Here's what I'd recommend.


GETTING STARTED WITH DATA SCIENCE


If you're interested in learning data science I'd suggest the following:
 

Tools

  1. I’d recommend learning R before Python (although Python is an exceptional tool). Here are a few reasons.
    1. Many of the hot tech companies in SF, the Valley, and NYC like Google, Apple, FB, LinkedIn, and Twitter are using R for much of their data science (not all of it, but a lot).
    2. R is the most common programming language among data scientists. O’Reilly Media just released their 2014 Data Science Salary Survey. I’ll caveat though, that Python came in at a close second. Which leads me to the third reason:
    3. R has 2 packages that dramatically streamline the DS workflow:
      • dplyr for data manipulation
      • ggplot2 for data visualization

        Learning these has several benefits: they streamline your workflow.
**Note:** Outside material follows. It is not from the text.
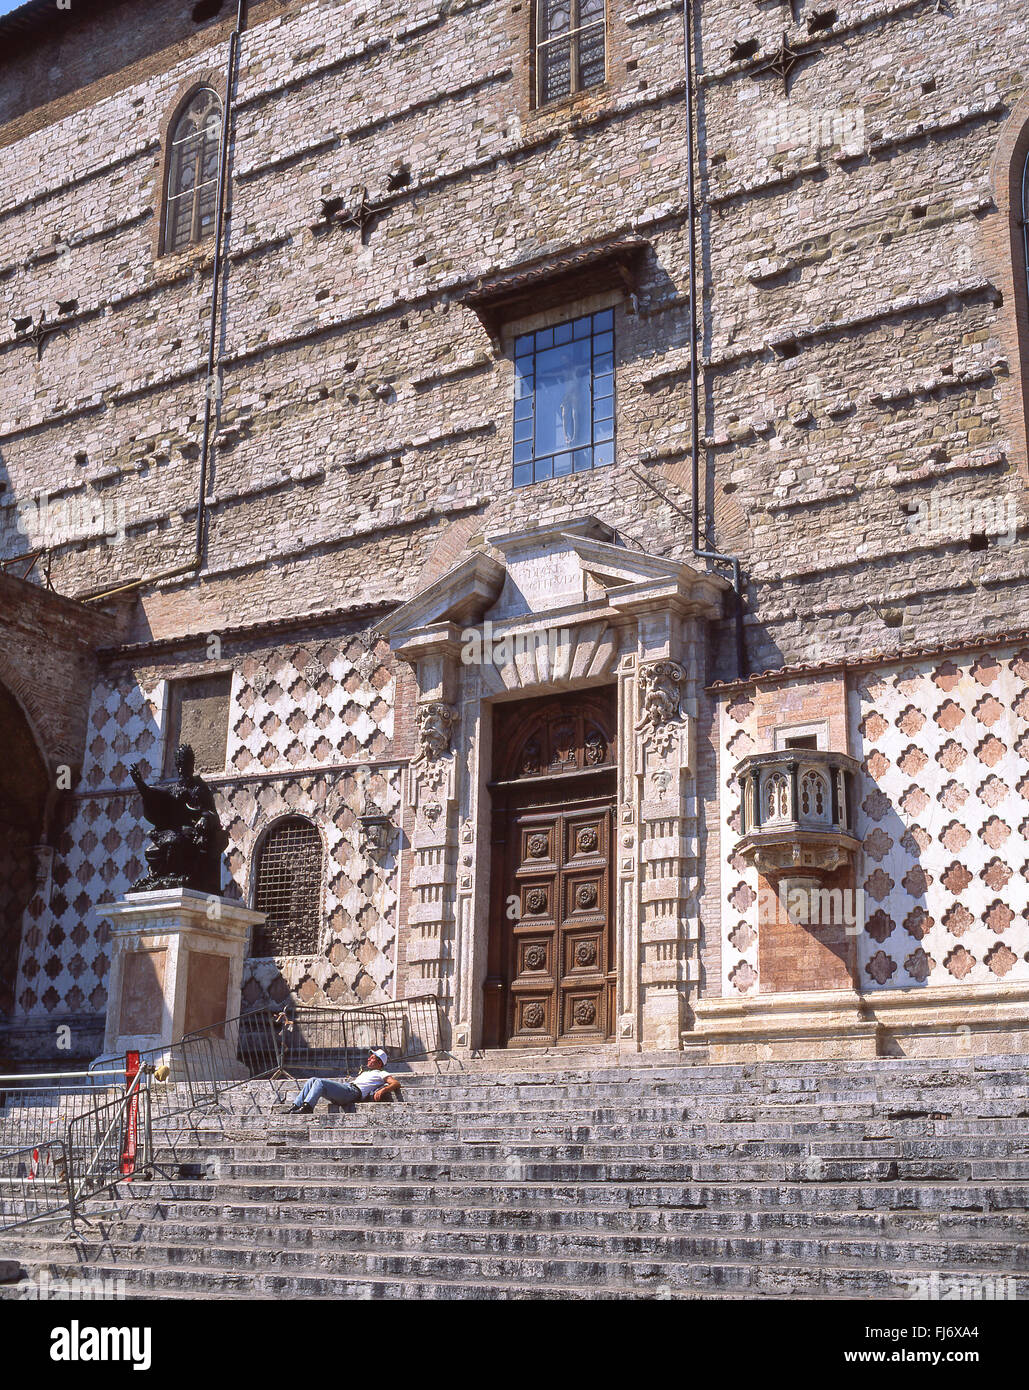 La Cathédrale de San Lorenzo, Piazza Dante, Perugia, Perugia, Ombrie Province Région, Italie Banque D'Images

They speed up your learning process, since they are very easy to use. And perhaps most importantly, they really teach you how to think about analyzing data. GGplot2 has a deep underlying structure to the syntax, based on the Grammar of Graphics theoretical framework. I won’t go into that too much, but suffice it to say, when you learn the ggplot2 syntax, you’re actually learning how to think about data visualization in a very deep way. You’ll eventually understand how to create complex visualizations without much effort.
         

        Skill Areas
        My recommendations are:

  2. Learn basic data visualizations first. Start with the essential plots:
    • the scatter plot
    • the bar chart
    • the line chart
      (But, again I recommend learning these in R’s ggplot2.) The reason I recommend these is
      1. The are, hands down, the most common plots. For entry level jobs, you’ll use these every day.
      2. They are “foundational” in the sense that when you learn about the underlying structure of these plots, it begins to open up the world of complex data visualizations.
        As with any discipline, you need to learn the foundations first; this will dramatically speed your progress in the intermediate to advanced stages.
      3. You’ll need these plots as “data exploration” tools. Whether you’re finding insights for your business partners or investigating the results of a sophisticated ML algorithm, you’ll likely be exploring your data visually.
      4. These plots are your best “data communication” tools. As noted elsewhere in this thread, C-level execs need you to translate your data-driven insights into simple language that can be understood in a 1-hour meeting. Communicating visually with the basic plots will be your best method for communicating to a non-technical audience. Communicating to non-technical audiences is a critical (and rare) auxiliary skill, so if you can learn to do this you will be very highly valued by management.
        I usually suggest learning these with dummy data (for simplicity) but if you have a simple .csv file, that should work to.
  3. Learn data management second (AKA, data wrangling, data munging)
    After you learn data visualization, I suggest that you “back into” data management. For this, you should find a dataset and learn to reshape it.
    The core data management skills:
    • subsetting (filtering out rows)
    • selecting columns
    • sorting
    • adding variables
    • aggregating
    • joining
      You can start learning these here. Again, I recommend learning these in R’s dplyr because dplyr makes these tasks very straight forward. It also teaches you how to think about data wrangling in terms of workflow: the “chaining operator” in dplyr helps you wire these commands together in a way that really matches the analytics workflow. dplyr makes it seamless.
  4. Learn machine learning last.
    ML is sort of like the “data science 301” course vs. the 102 and 103 levels of the data-vis and data manipulation stuff I outlined above.
    Here, I’ll just give book recos:
  5. Nathan Yao of Flowing Data is great. His blog shows excellent data visualization examples. Also, I highly recommend his books. In particular, Data Points. Data Points will help you learn how to think about visualization.
  6. The book ggplot2 by Hadley Wickham. This is a great resource (though a little outdated, as Hadley has updated the ggplot package).
  7. I also really like Randal Olson’s work (AKA, /u/rhiever). He creates some great data visualizations that can serve as inspiration as you start learning.
     

    TL;DR

    I'd recommend learning R for data science before Python. Learn data visualization first (with R's ggplot2), using simple data or dummy data. Then find a more complicated dataset. Learn data manipulation second (with R's dplyr), and practice data manipulation on your more complex data. Learn machine learning last.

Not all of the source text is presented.